Mr. Downe is also quite the character. The year before the Galway deal, in 1993, he pleaded guilty to insider trading and securities fraud and in 1994 agreed to pay the SEC $11 million in a civil settlement. The crimes were felonies and in 2001, as President Clinton was getting ready to leave office, Mr. Dodd successfully lobbied the White House for a full pardon for Mr. Downe.
The next year -- according to a transfer document at the Irish land registry... -- Mr. Kessinger sold his two-thirds share to Mr. Dodd for $122,351. The Senator says he actually paid Mr. Kessinger $127,000, which he claims was based on an appraisal at the time. That means, at best, poor Mr. Kessinger earned less than 19% over eight years on the sale of his two-thirds share to Mr. Dodd. But according to Ireland's Central Bank, prices of existing homes in Ireland quadrupled from 1994 to 2004.
In his Senate financial disclosure documents from 2002-2007, Mr. Dodd reported that the Galway home was worth between $100,001 and $250,000. However, Mr. Rennie reports that in 2006 and 2007 the Senator added a footnote that reads: "value based on appraisal at time of purchase."
Mr. Dodd had good reason to add the qualifier. Senate rules call for valuations to be current and anyone who looked into the estimate would immediately spot Mr. Dodd's lowballing. A June 17, 2007 feature in Britain's Sunday Times did just that. "Diary" observed that in Roundstone "a two-bed recently made E680,000 ($918,000) and a cottage is currently on offer for E800,000." Noting Mr. Dodd's estimate of his property -- between E75,000 and E185,000 -- the diarist quipped, "to hell with the stamp duty, and form an orderly queue."
Mr. Dodd is busy these days blaming everyone else for the real-estate bubble and financial meltdown. But he owes his constituents and the Senate an honest accounting of his Galway property over the past 15 years. If its value grew with the rest of the area, he needs to explain why Mr. Kessinger handed it over for a song, why that isn't an unreported gift under Senate rules, and what role Mr. Downe might have played as a middleman.

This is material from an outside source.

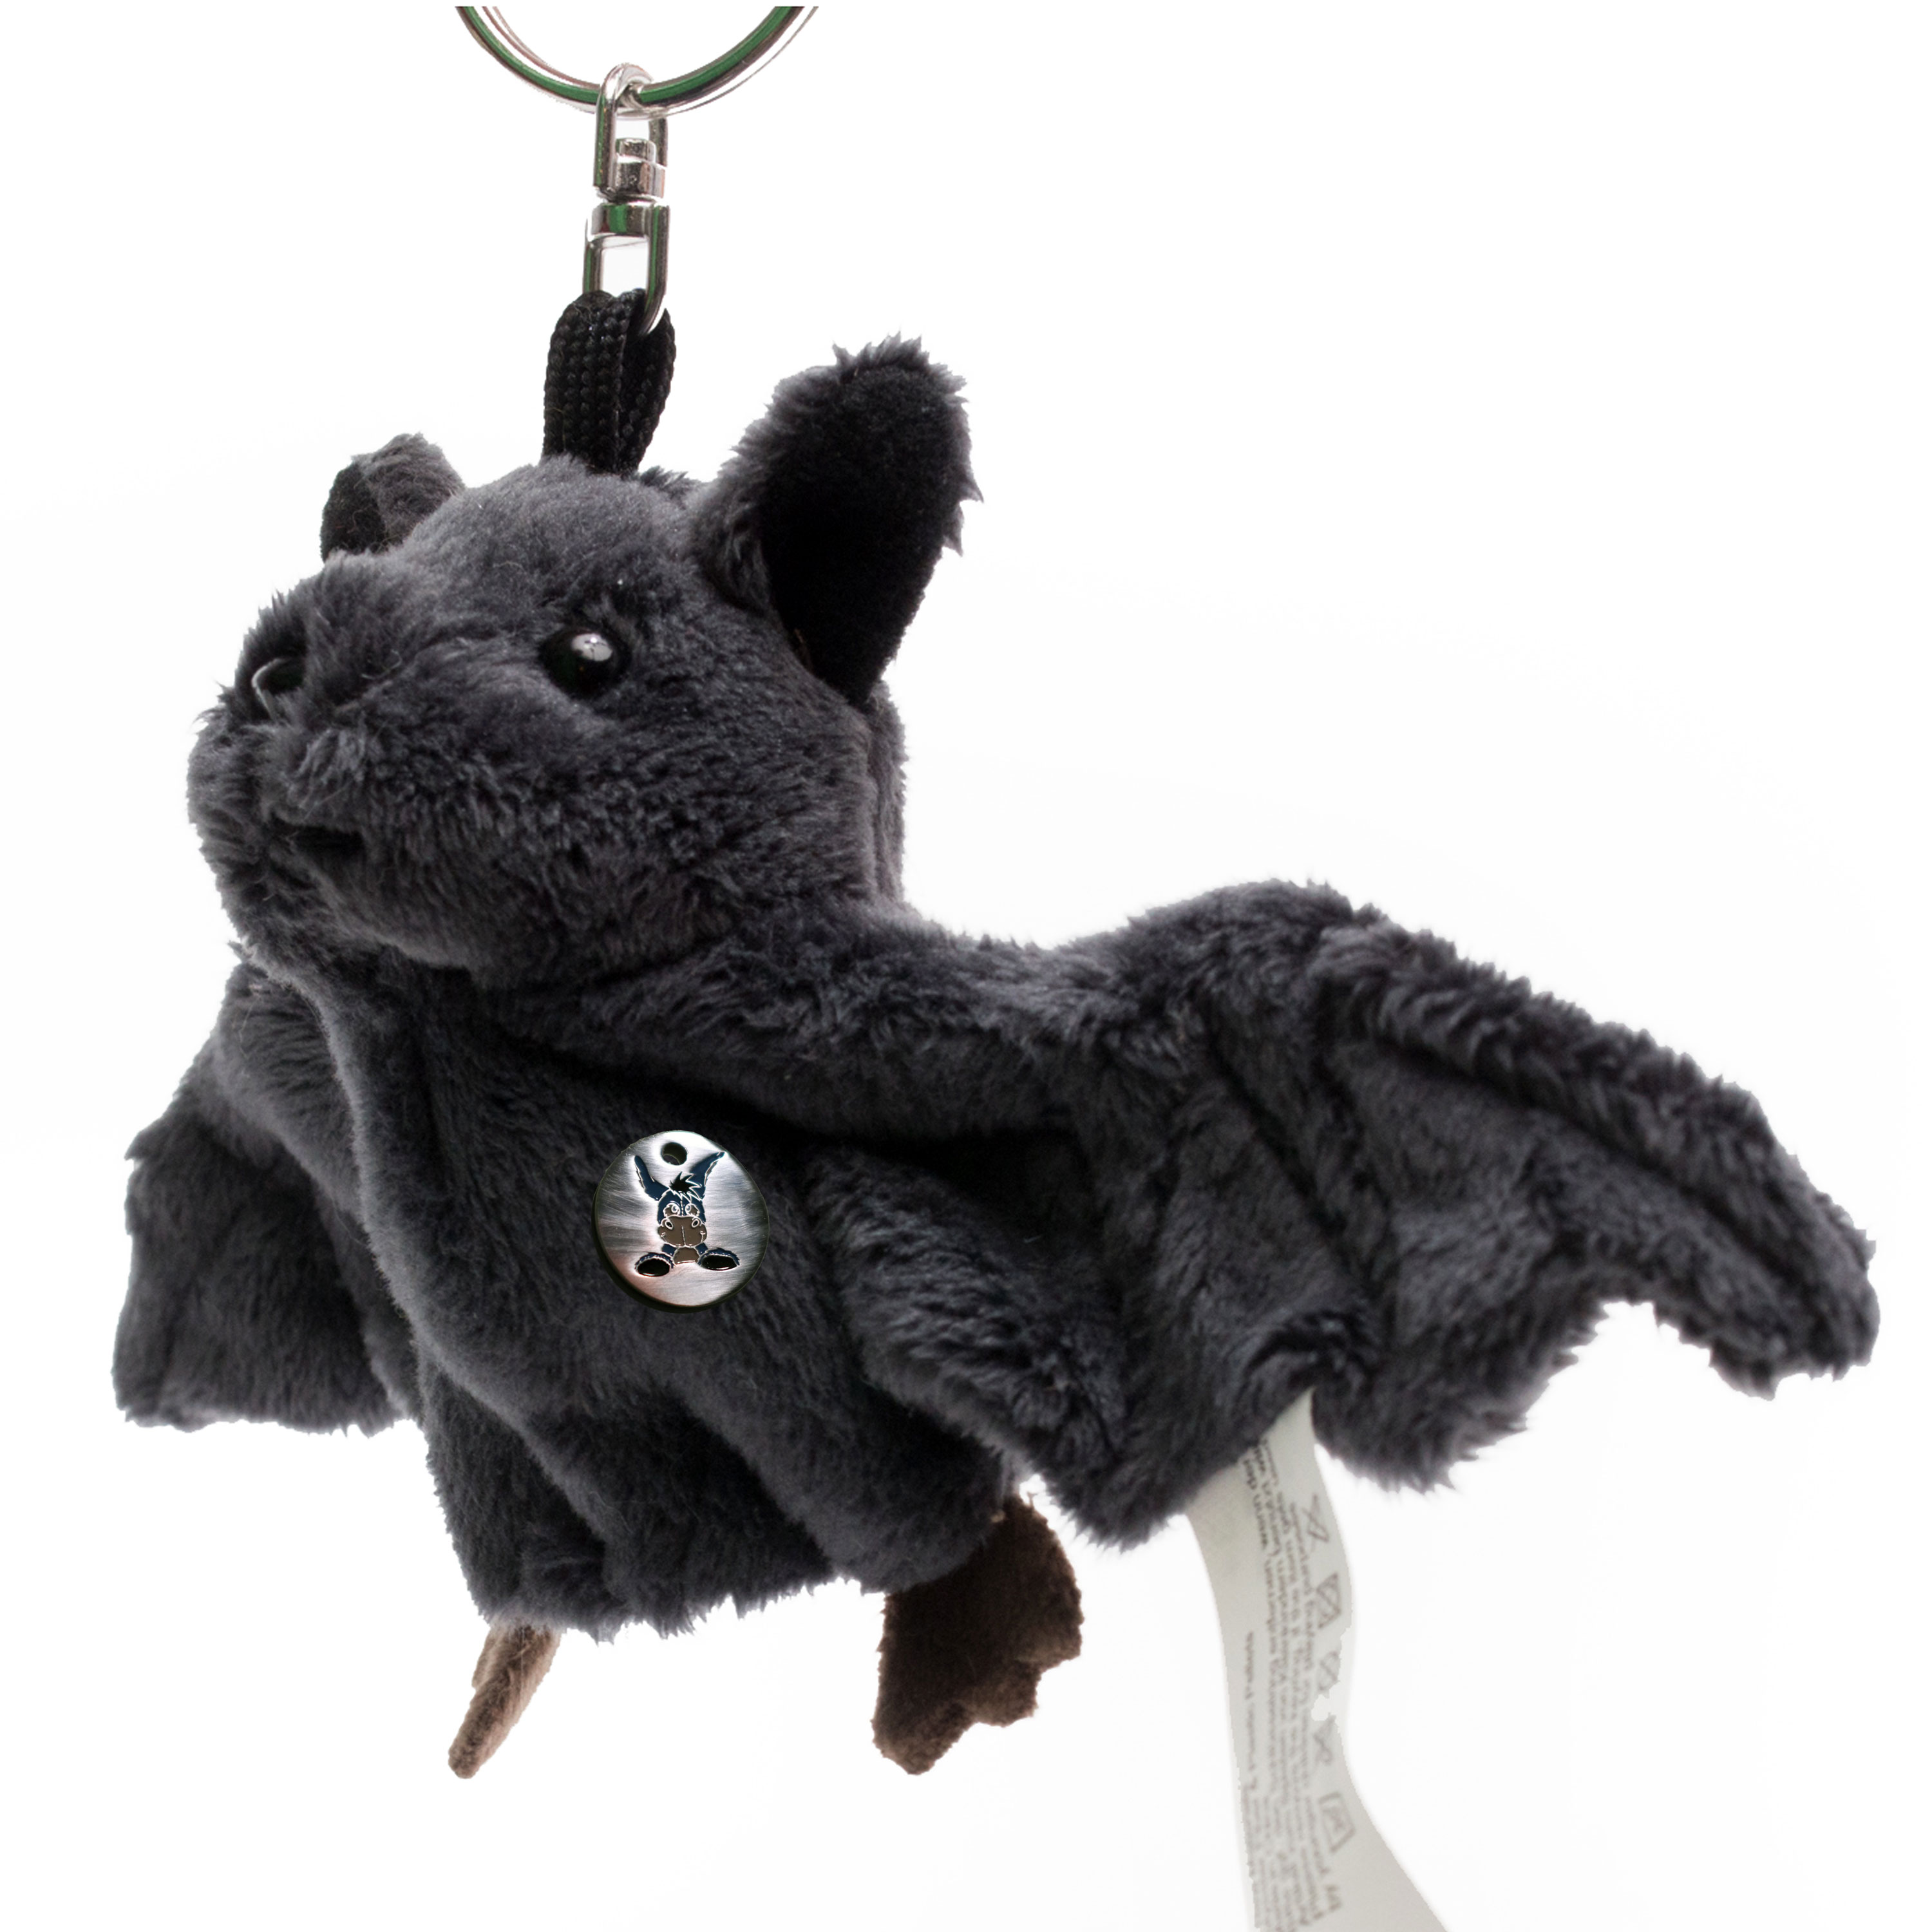 Plüsch Fledermaus Schlüsselanhänger süße kleine dunkle Fledermaus Bat 175005

More broadly, Connecticut voters might want to know why their senior Senator has hung around for years with Mr. Downe, the kind of financial scoundrel Mr. Dodd spends so much time denouncing."
Now, of course, this side of the Atlantic we would like to know - was Senator Dodd, presumably a US resident, liable for tax on his purchase of the land share and how this tax was assessed.